清华大学段昊泓团队报道了在低浓度碱性电解质中，通过增强羟基在单原子负载催化剂上的吸附电氧化5-羟甲基糠醛。相关研究成果于2024年6月14日发表于国际一流学术期刊《科学通报》。

5-羟甲基糠醛（HMF）电催化氧化为2,5-呋喃二羧酸（FDCA）是一种生产生物基塑料单体的可持续策略，通常在高浓度碱性溶液（1.0 mol L^–1 KOH）中进行，以获得高活性。然而，这种高浓度的碱带来了挑战，包括HMF降解和与产物分离相关的高操作成本。

该文中，研究人员报道了负载在Co₃O₄上的单原子钌（Ru¹-Co₃O₄）作为催化剂，该催化剂在低浓度碱性电解质（0.1 mol L^–1 KOH）中高效工作，与可逆氢电极相比，表现出1.191 V的低电势，在0.1 mol ^L-1 KOH中实现10 mA cm^–2，这优于以前的催化剂。

电化学研究表明，单原子Ru在OH^–供应不足的情况下显著增强了羟基（OH^–）的吸附，从而改善了HMF的氧化。为了展示Ru¹-Co₃O₄催化剂的潜力，研究人员在流动反应器中，工业相关条件下展示了其高效性。最终，技术经济分析表明，用0.1 mol L^–1 KOH电解质取代传统的1.0 mol L^–1 KOH可以显著降低FDCA的最低售价21.0%。

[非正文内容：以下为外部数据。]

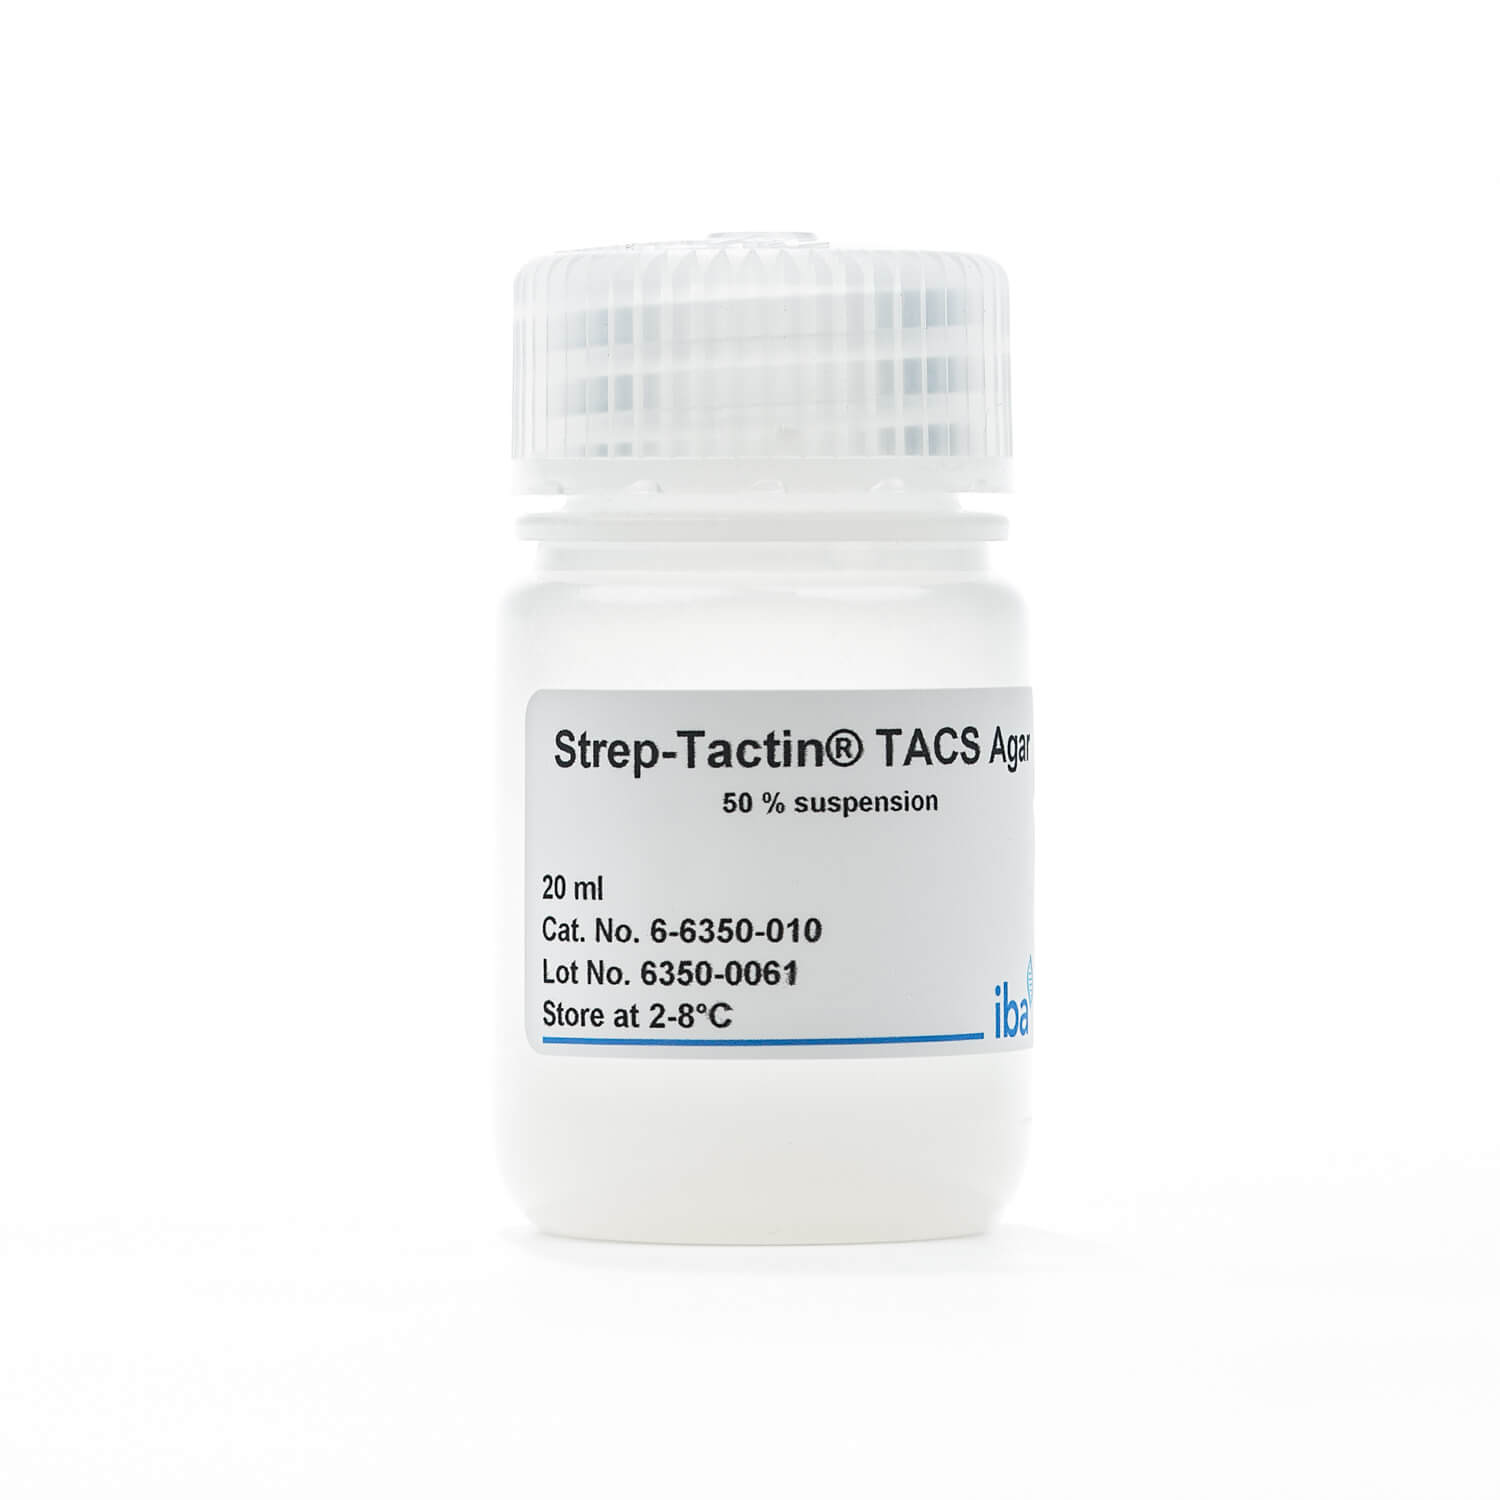 Strep-Tactin® TACS Agarose

该项工作证明了一种在不使用强碱性电解质的情况下，进行生物质电氧化的有效催化剂设计，这可能有助于更经济的生物质电价化。

附：英文原文

Title: Electro-oxidation of 5-hydroxymethylfurfural in a low-concentrated alkaline electrolyte by enhancing hydroxyl adsorption over a single-atom supported catalyst

Author: Ruixiang Ge a, Haohong Duan b

Issue&Volume: 2024/06/14

Abstract: Electrocatalytic oxidation of 5-hydroxymethylfurfural (HMF) to 2,5-furandicarboxylic acid (FDCA), a sustainable strategy to produce bio-based plastic monomer, is always conducted in a high-concentration alkaline solution (1.0 mol L–1 KOH) for high activity. However, such high concentration of alkali poses challenges including HMF degradation and high operation costs associated with product separation. Herein, we report a single-atom-ruthenium supported on Co3O4 (Ru1-Co3O4) as a catalyst that works efficiently in a low-concentration alkaline electrolyte (0.1 mol L–1 KOH), exhibiting a low potential of 1.191 V versus a reversible hydrogen electrode to achieve 10 mA cm–2 in 0.1 mol L–1 KOH, which outperforms previous catalysts. Electrochemical studies demonstrate that single-atom-Ru significantly enhances hydroxyl (OH–) adsorption with insufficient OH– supply, thus improving HMF oxidation. To showcase the potential of Ru1-Co3O4 catalyst, we demonstrate its high efficiency in a flow reactor under industrially relevant conditions. Eventually, techno-economic analysis shows that substitution of the conventional 1.0 mol L–1 KOH with 0.1 mol L–1 KOH electrolyte may significantly reduce the minimum selling price of FDCA by 21.0%. This work demonstrates an efficient catalyst design for electrooxidation of biomass working without using strong alkaline electrolyte that may contribute to more economic biomass electro-valorization.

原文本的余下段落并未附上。